RAW DATA →
#####

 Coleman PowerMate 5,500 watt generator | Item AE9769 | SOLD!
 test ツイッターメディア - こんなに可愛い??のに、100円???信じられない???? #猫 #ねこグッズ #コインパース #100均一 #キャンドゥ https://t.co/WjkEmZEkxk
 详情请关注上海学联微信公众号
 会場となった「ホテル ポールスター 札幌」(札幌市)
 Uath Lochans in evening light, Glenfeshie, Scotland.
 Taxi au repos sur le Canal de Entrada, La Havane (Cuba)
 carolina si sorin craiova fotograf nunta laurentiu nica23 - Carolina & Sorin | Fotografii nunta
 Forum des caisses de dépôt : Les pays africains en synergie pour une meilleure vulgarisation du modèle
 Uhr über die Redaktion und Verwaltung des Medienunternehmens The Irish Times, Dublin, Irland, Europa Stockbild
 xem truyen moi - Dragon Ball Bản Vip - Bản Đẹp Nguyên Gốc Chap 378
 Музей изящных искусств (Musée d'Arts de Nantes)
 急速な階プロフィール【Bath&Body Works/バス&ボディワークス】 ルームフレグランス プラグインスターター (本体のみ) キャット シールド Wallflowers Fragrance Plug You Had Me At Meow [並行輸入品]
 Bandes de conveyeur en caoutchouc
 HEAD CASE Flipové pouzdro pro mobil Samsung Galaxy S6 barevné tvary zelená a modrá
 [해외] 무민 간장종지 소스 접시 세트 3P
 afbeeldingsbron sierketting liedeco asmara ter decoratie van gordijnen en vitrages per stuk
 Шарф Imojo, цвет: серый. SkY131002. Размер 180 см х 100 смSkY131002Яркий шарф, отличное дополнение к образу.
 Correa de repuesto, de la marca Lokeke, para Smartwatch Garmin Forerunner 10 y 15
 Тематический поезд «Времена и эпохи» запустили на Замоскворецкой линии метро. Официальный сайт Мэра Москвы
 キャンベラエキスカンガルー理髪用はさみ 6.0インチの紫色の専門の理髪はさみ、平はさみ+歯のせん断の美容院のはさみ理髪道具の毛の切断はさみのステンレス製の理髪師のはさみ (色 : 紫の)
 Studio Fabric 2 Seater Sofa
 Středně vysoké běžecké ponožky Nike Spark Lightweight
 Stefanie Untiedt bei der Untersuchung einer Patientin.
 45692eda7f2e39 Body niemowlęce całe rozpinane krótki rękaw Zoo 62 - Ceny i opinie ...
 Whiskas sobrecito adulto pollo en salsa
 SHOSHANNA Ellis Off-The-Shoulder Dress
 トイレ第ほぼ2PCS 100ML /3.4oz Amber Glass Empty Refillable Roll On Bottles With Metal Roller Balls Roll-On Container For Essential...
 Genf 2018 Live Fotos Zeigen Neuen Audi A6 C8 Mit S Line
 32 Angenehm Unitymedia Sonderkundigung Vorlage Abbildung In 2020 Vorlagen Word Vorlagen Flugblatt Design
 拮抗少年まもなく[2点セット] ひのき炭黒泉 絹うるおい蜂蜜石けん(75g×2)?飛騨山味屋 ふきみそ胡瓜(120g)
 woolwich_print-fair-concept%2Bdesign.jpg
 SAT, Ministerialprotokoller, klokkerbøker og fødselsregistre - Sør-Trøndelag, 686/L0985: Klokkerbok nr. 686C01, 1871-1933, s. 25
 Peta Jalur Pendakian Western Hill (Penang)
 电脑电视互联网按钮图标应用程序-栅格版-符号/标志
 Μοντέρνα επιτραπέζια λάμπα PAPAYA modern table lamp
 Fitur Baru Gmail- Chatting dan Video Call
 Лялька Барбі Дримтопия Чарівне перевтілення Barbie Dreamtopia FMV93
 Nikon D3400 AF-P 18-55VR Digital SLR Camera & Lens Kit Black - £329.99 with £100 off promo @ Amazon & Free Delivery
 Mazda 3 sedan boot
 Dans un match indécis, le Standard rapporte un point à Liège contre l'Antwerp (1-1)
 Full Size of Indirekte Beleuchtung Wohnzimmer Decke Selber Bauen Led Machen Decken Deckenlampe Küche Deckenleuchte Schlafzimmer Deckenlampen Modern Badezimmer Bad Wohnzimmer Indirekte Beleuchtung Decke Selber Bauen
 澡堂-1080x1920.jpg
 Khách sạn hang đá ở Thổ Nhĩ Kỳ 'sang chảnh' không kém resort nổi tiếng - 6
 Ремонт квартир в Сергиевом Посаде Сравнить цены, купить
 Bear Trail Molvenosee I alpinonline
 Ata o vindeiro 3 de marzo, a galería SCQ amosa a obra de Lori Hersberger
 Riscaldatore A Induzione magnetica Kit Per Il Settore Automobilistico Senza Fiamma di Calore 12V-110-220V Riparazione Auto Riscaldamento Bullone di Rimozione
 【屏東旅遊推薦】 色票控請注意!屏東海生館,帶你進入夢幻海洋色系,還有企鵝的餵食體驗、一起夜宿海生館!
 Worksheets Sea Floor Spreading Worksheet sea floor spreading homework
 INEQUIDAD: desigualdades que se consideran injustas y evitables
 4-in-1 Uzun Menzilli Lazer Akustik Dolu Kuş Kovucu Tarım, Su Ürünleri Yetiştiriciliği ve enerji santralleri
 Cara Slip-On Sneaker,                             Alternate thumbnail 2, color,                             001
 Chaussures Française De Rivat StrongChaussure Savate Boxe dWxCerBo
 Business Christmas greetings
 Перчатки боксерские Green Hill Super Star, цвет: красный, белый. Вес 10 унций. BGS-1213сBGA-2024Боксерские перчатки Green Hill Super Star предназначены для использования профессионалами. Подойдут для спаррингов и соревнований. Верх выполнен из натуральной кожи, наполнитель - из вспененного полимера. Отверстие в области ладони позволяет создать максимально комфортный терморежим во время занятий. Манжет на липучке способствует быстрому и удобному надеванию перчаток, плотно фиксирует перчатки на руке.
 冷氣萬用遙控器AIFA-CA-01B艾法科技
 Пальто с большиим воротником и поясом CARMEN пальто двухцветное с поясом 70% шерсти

#####

PROBLEM REQUIREMENTS →
Reproduce the lines above, beginning at the line with "woolwich_print-fair-concept%2Bdesign.jpg" and stopping after the line with "Dans un match", exactly as they are.

RESPONSE BELOW →
 woolwich_print-fair-concept%2Bdesign.jpg
 SAT, Ministerialprotokoller, klokkerbøker og fødselsregistre - Sør-Trøndelag, 686/L0985: Klokkerbok nr. 686C01, 1871-1933, s. 25
 Peta Jalur Pendakian Western Hill (Penang)
 电脑电视互联网按钮图标应用程序-栅格版-符号/标志
 Μοντέρνα επιτραπέζια λάμπα PAPAYA modern table lamp
 Fitur Baru Gmail- Chatting dan Video Call
 Лялька Барбі Дримтопия Чарівне перевтілення Barbie Dreamtopia FMV93
 Nikon D3400 AF-P 18-55VR Digital SLR Camera & Lens Kit Black - £329.99 with £100 off promo @ Amazon & Free Delivery
 Mazda 3 sedan boot
 Dans un match indécis, le Standard rapporte un point à Liège contre l'Antwerp (1-1)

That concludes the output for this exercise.